Cain O'Sullivan@cainosullivan
Why Morpho Isn't a Great Fit for RWAs.
Morpho is designed around the deployment of immutable markets. A market is defined by its loan token, collateral token, price oracle, and risk parameters; the interest rate model, LTV, and liquidation discount (inferred from the LTV).
This is great from a lender's perspective. When you deploy capital to a market, you know exactly what you're lending against and that the terms won't change. But the fundamental problem with this design is that it assumes risk is static, when risk is very much dynamic.
What do I mean by this? As a lender, when you deploy capital to a market you have a holistic view of the current world state. You might deploy to a market offering a 91.5% LTV (which infers a 2.62% liquidation discount) where the collateral has plenty of on-chain liquidity available for liquidators. But what happens when that on-chain liquidity starts to disappear?

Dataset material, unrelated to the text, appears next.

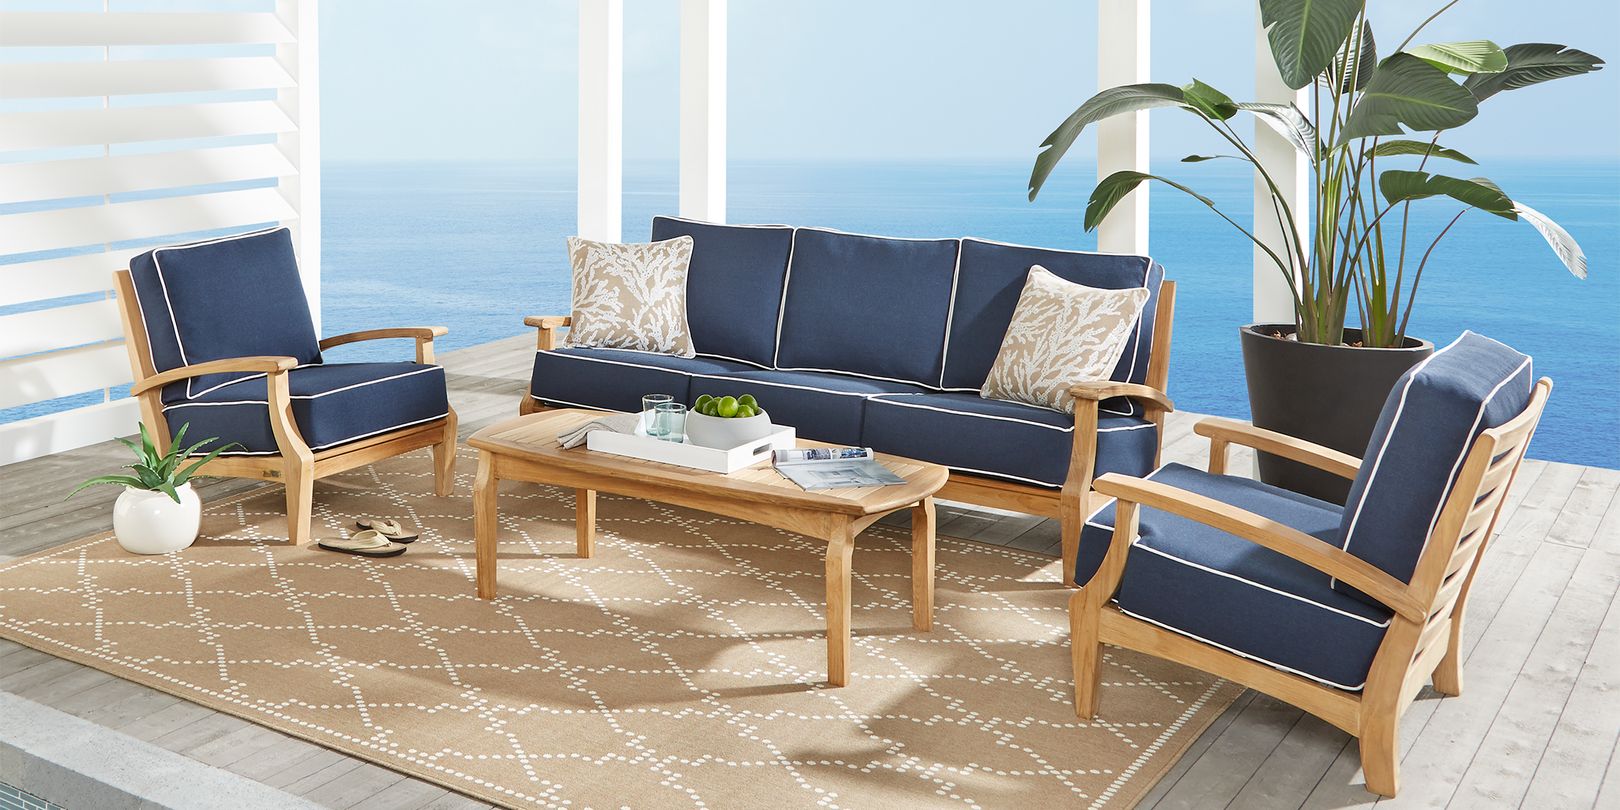 Photo of acacia wood patio seating set with blue cusions

The risk profile of the market has changed, but the parameters haven't.
Morpho's solution is to deploy a new market with updated risk parameters that better capture the shift in the external environment. In practice, it's not that simple. If liquidity in the original market is currently being borrowed, borrowers are unlikely to voluntarily migrate their positions to a new market with a lower LTV and a higher liquidation discount.
This becomes even more precarious with RWAs, which carry a fundamentally different risk profile from spot tokens. Liquidators go from taking on price risk to taking on duration risk.
Let's look at a concrete example. Take the Anemoy Tokenized Apollo Diversified Credit Fund (ACRDX) and assume we deploy a market with an 86.5% LTV, that equates to roughly a 4.22% liquidation discount.
ACRDX has quarterly liquidity, so to keep things simple, assume redemptions only occur on the 1st of every quarter.
If a position is liquidated on day 1 of a new cycle, the 4.22% discount is probably sufficient to cover the duration risk and opportunity cost of waiting 90 days for the liquidator's redemption to settle. But if the position is liquidated on day 89, the same 4.22% is far more punitive as the liquidator only has to bear one day of duration risk for the same reward.
This creates a perverse incentive. Liquidators are encouraged to wait as long as possible before seizing a position, since the longer they delay, the better their risk-adjusted return on the liquidation becomes. By design, this heightens the probability of bad debt accumulating in the market.
Risk modelling in a lending market needs to be dynamic. It needs to respond to the specific characteristics of the collateral it's modelling, not treat every asset class as if it carries the same static risk profile. What's good for spot tokens isn't necessarily good for RWA's.